▶ _Your task_
Take the records below and set down exactly the lines from the one with "2021 University of" to the one with "Manufactum bed, sofa | Gray Splitback", ends included; do not copy the pictures.

▶ _Record extracts_
==========

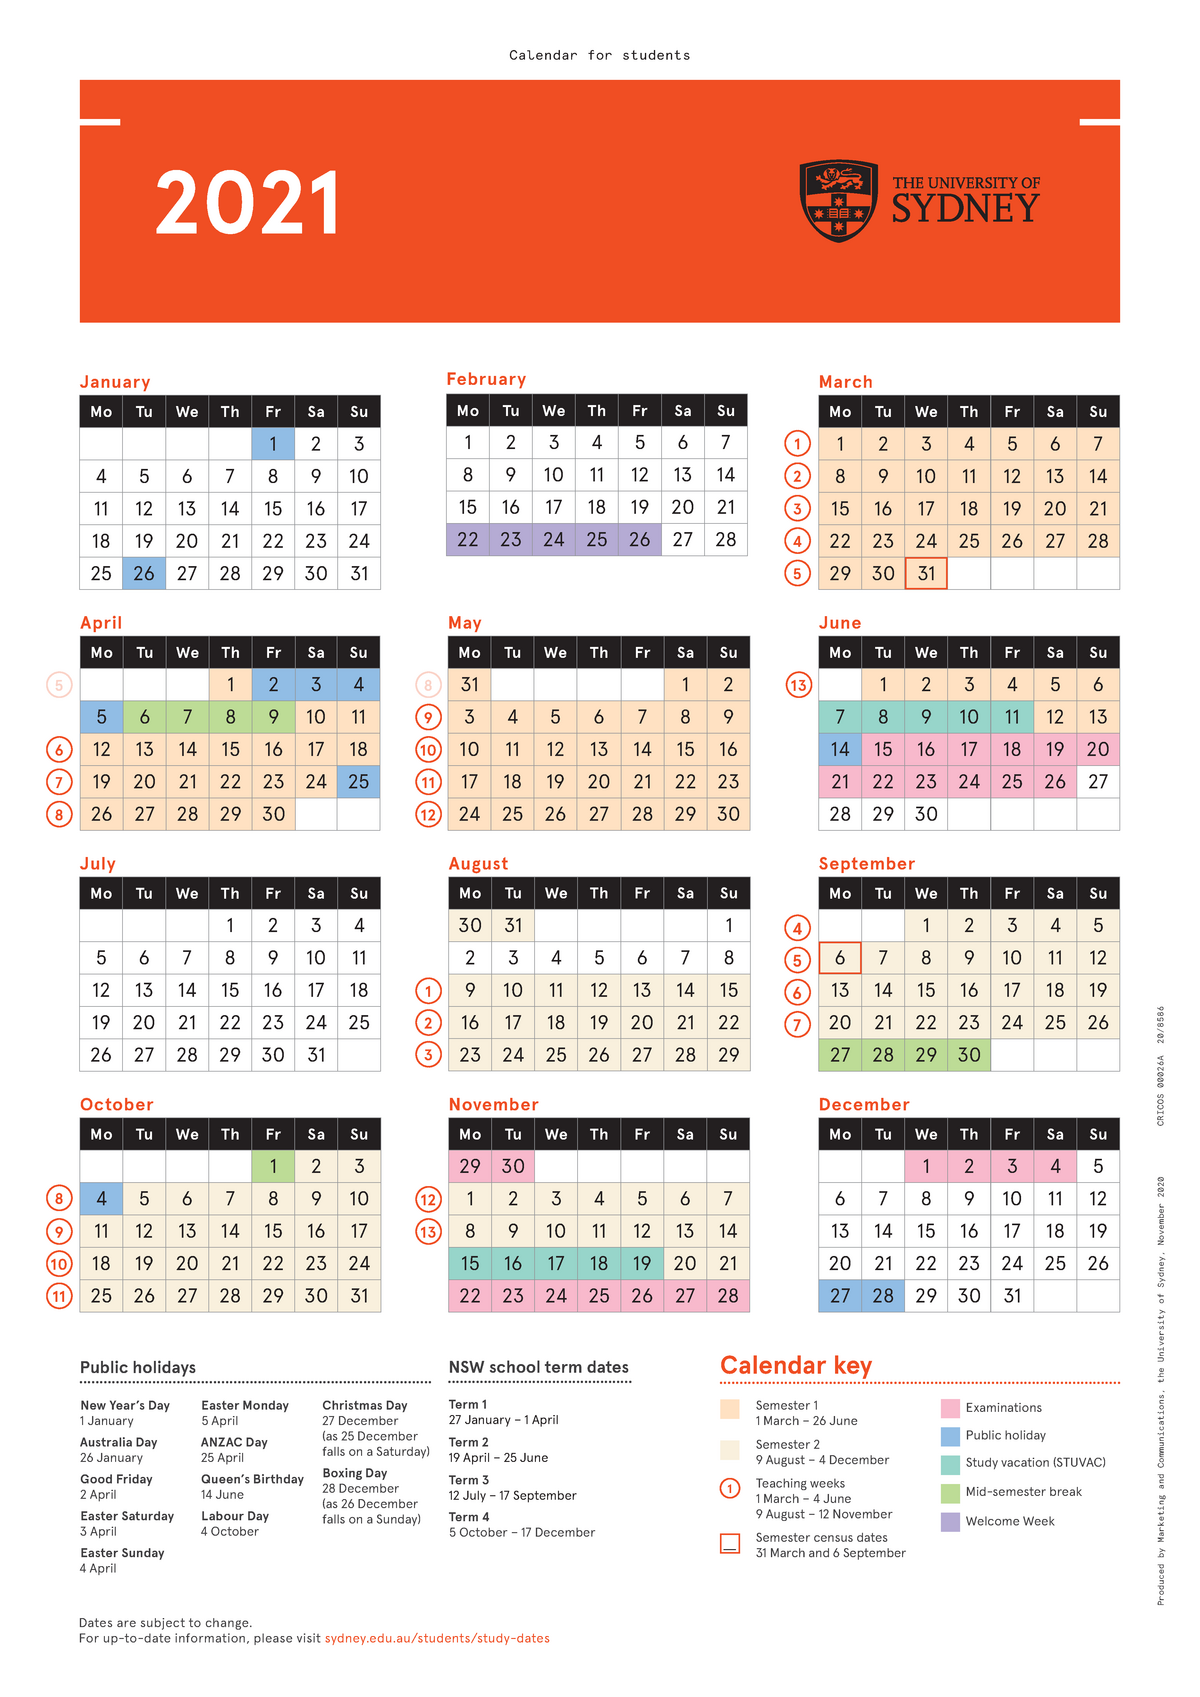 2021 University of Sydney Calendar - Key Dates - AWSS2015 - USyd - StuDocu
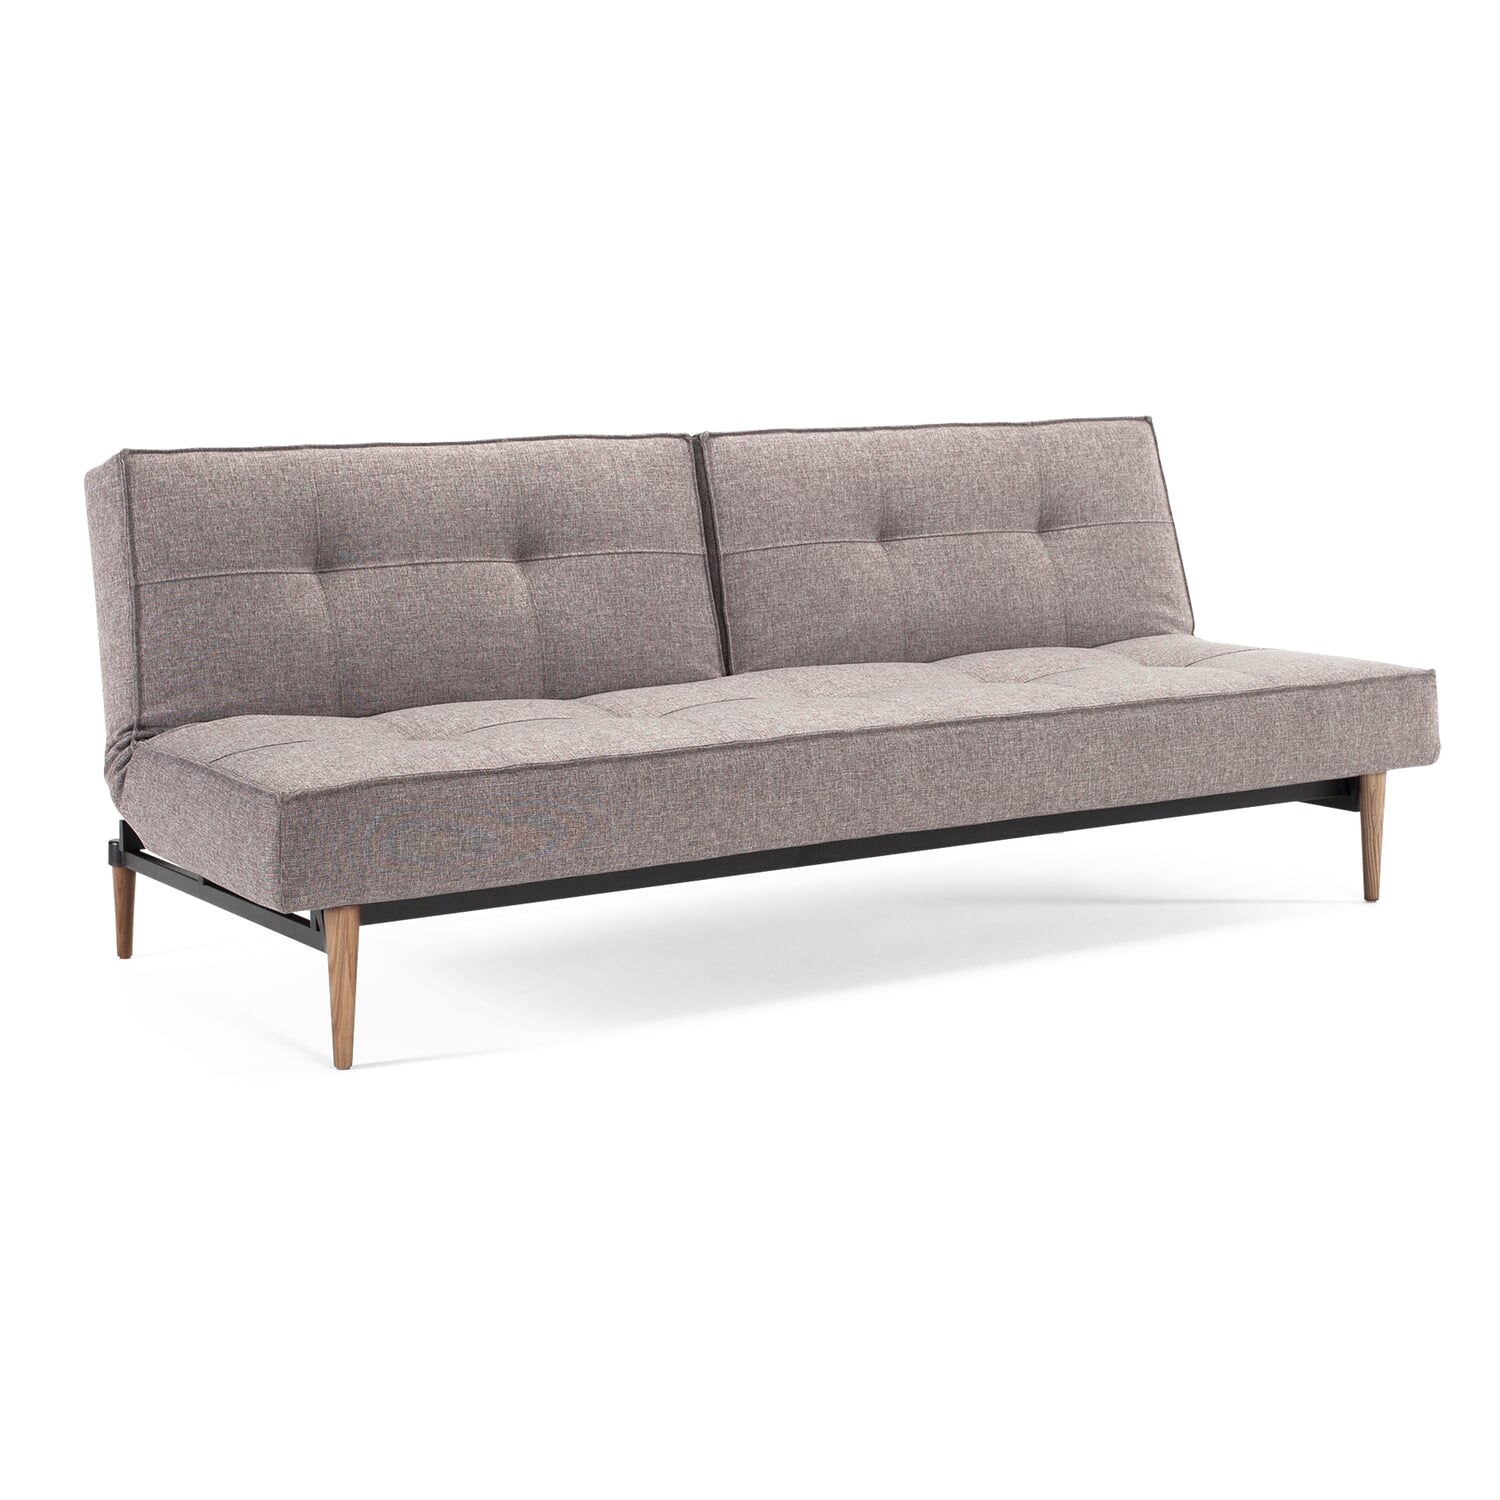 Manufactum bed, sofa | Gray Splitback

==========

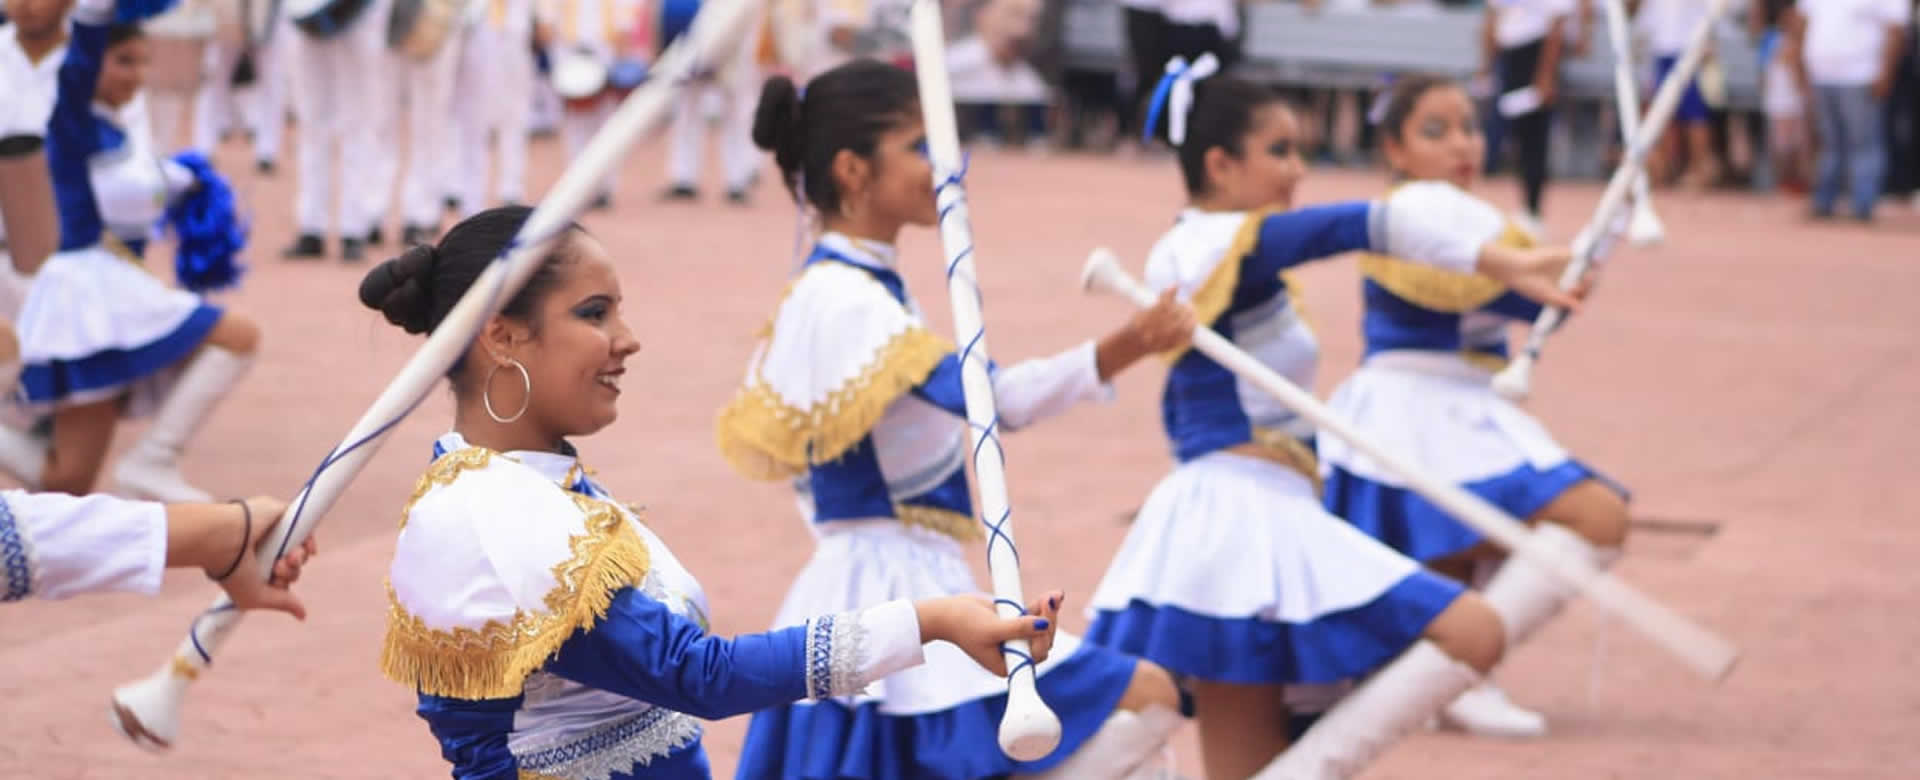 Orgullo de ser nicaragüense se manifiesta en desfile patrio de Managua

==========

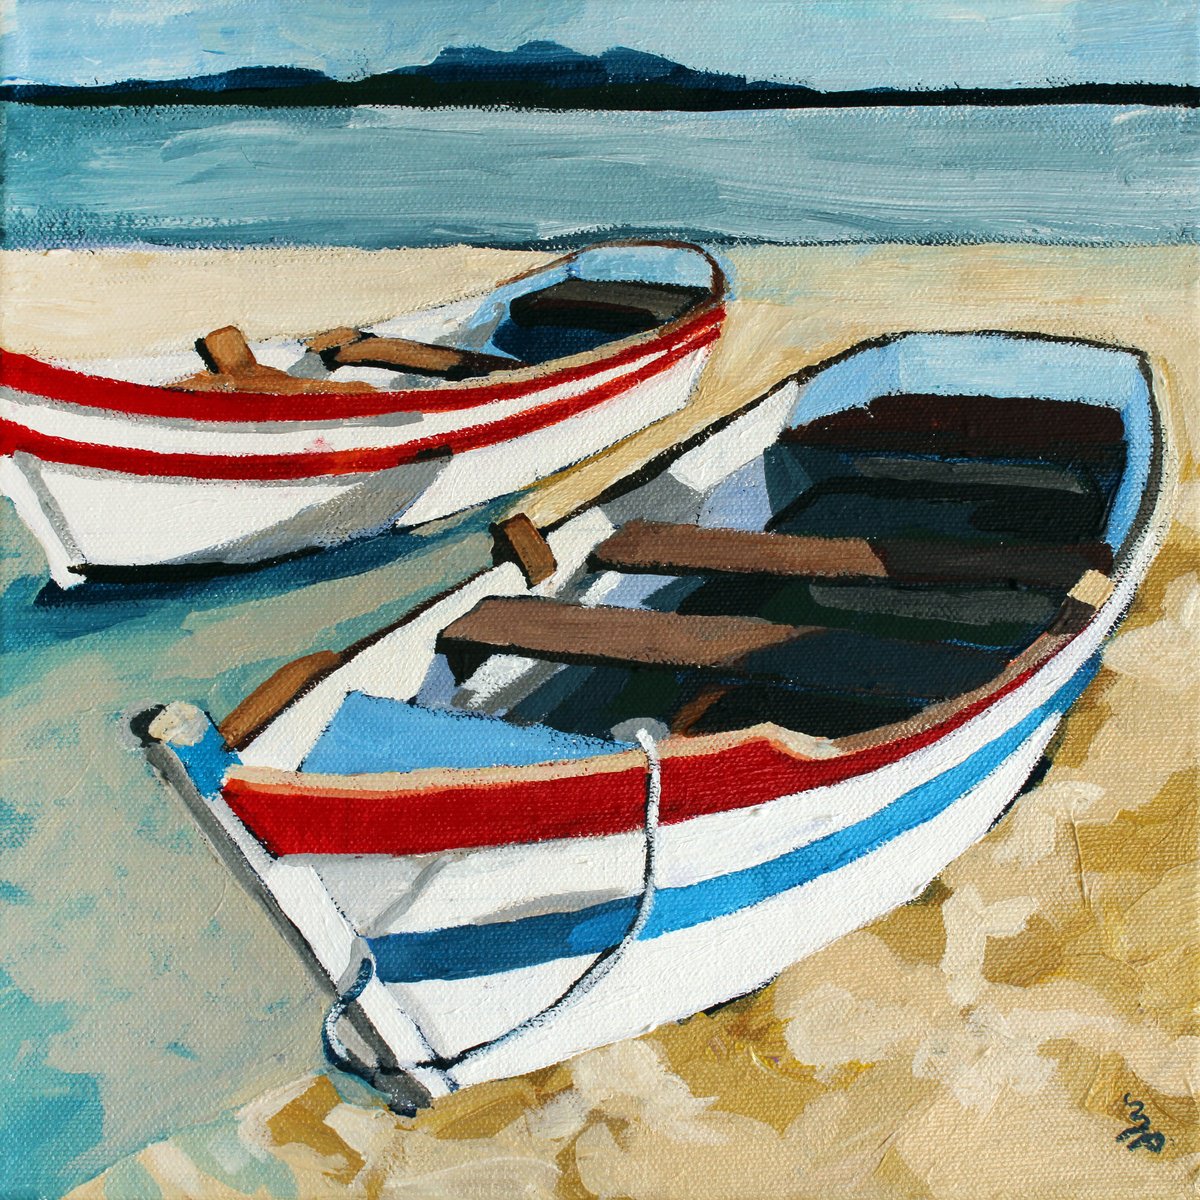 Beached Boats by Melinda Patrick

==========

▶ _Answer for this exercise_
 2021 University of Sydney Calendar - Key Dates - AWSS2015 - USyd - StuDocu
 Manufactum bed, sofa | Gray Splitback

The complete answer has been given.